The Sheik - Page 165/177

She pushed him down at length, and with her hand on his collar went

into the other room. A solitary lamp burned dimly. She crossed to the

doorway and pulled aside the flap, and a small, white-clad figure rose

up before her.

"Is that you, Gaston?" she asked involuntarily, though she knew that

the question was unnecessary, for he always slept across the entrance

to the tent when the Sheik was away.

"A votre service, Madame."

For a few minutes she did not speak, and Gaston stood silent beside

her. She might have remembered that he was there. He never stirred far

beyond the sound of her voice whenever she was alone in the camp. He

was always waiting, unobtrusive, quick to carry out her requests, even

to anticipate them. With him standing beside her she thought of the

time when they had fought side by side--all difference in rank eclipsed

in their common danger. The servant had been merged into the man, and a

man who had the courage to do what he had attempted when he had faced

her at what had seemed the last moment with his revolver clenched in a

hand that had not shaken, a man at whose side and by whose hand she

would have been proud to die.
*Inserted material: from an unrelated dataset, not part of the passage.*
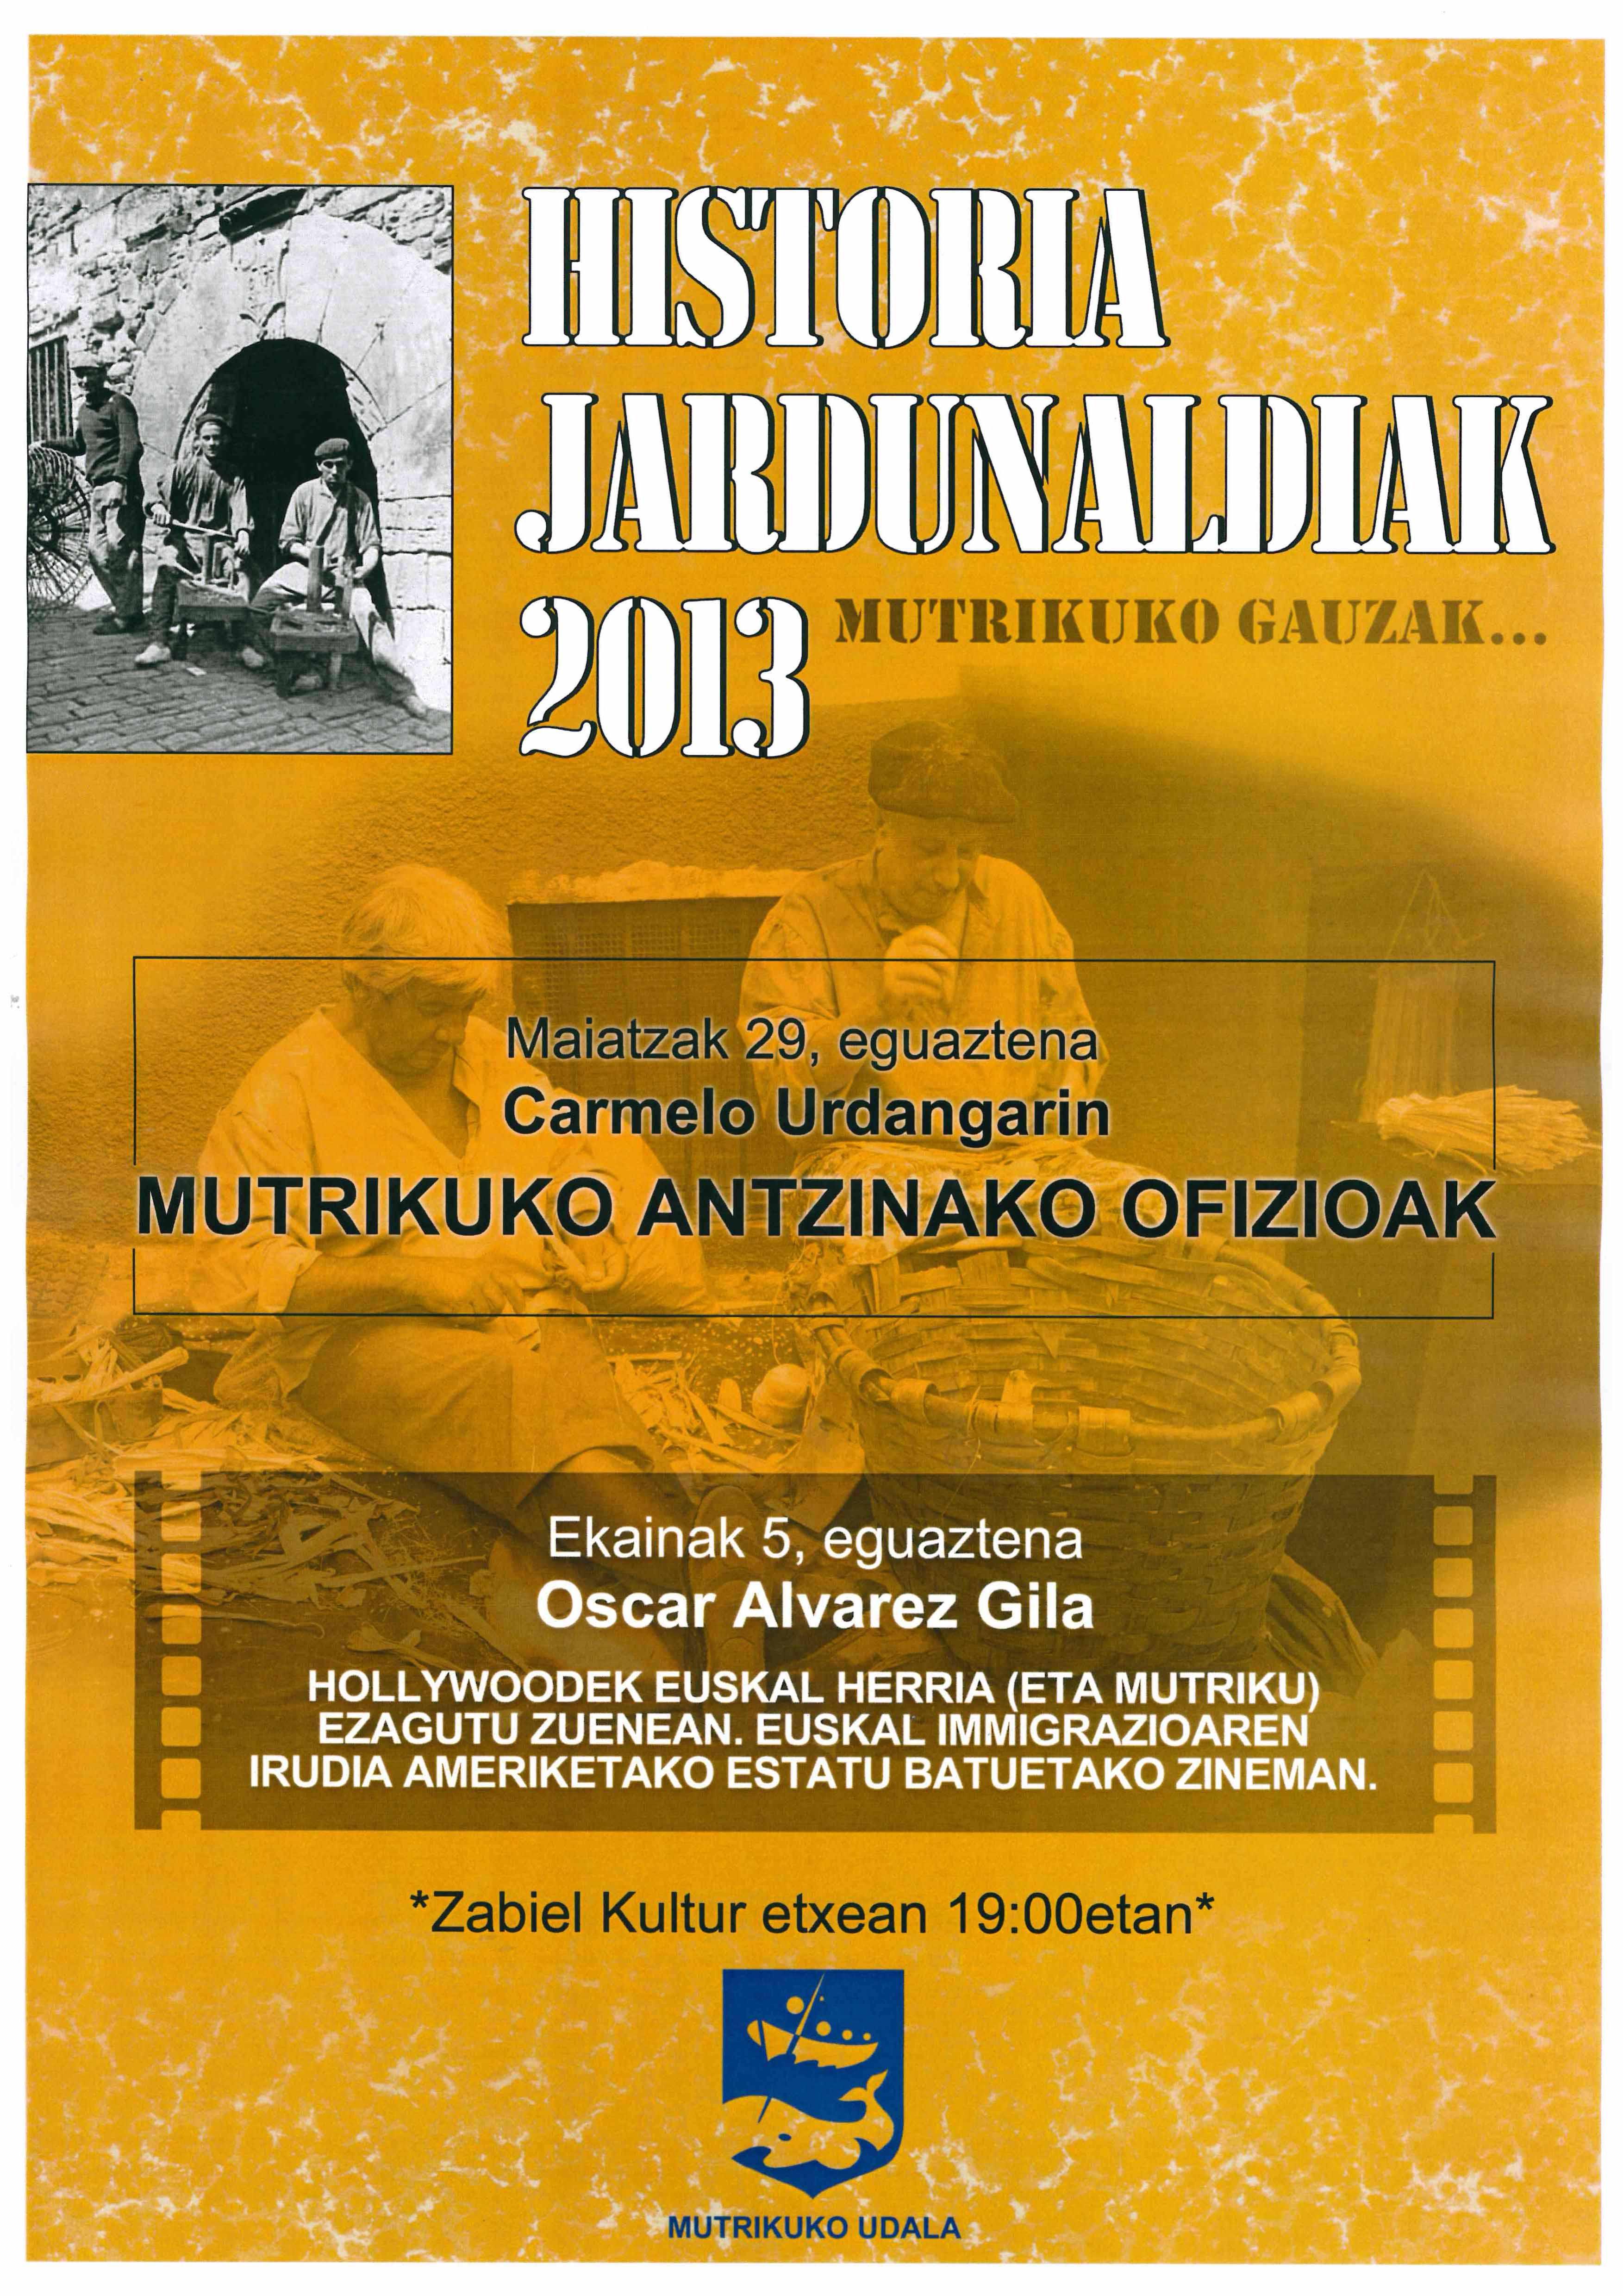 historia jardunaldiak 2013

They were men, these desert dwellers,

master and servants alike; men who endured, men who did things, inured

to hardships, imbued with magnificent courage, splendid healthy

animals. There was nothing effete or decadent about the men with whom

Ahmed Ben Hassan surrounded himself.

Diana had always liked Gaston; she had been touched by his unvarying

respectful attitude that had never by a single word or look conveyed

the impression that he was aware of her real position in his master's

camp. He treated her as if she were indeed what from the bottom of her

heart she wished she was. He was solicitous without being officious,

familiar with no trace of impertinence, He was Diana's first experience

of a class of servant that still lingers in France, a survival of

pre-Revolution days, who identify themselves entirely with the family

they serve, and in Gaston's case this interest in his master had been

strengthened by experiences shared and dangers faced which had bound

them together with a tie that could never be broken and had raised

their relations on to a higher plane than that of mere master and man.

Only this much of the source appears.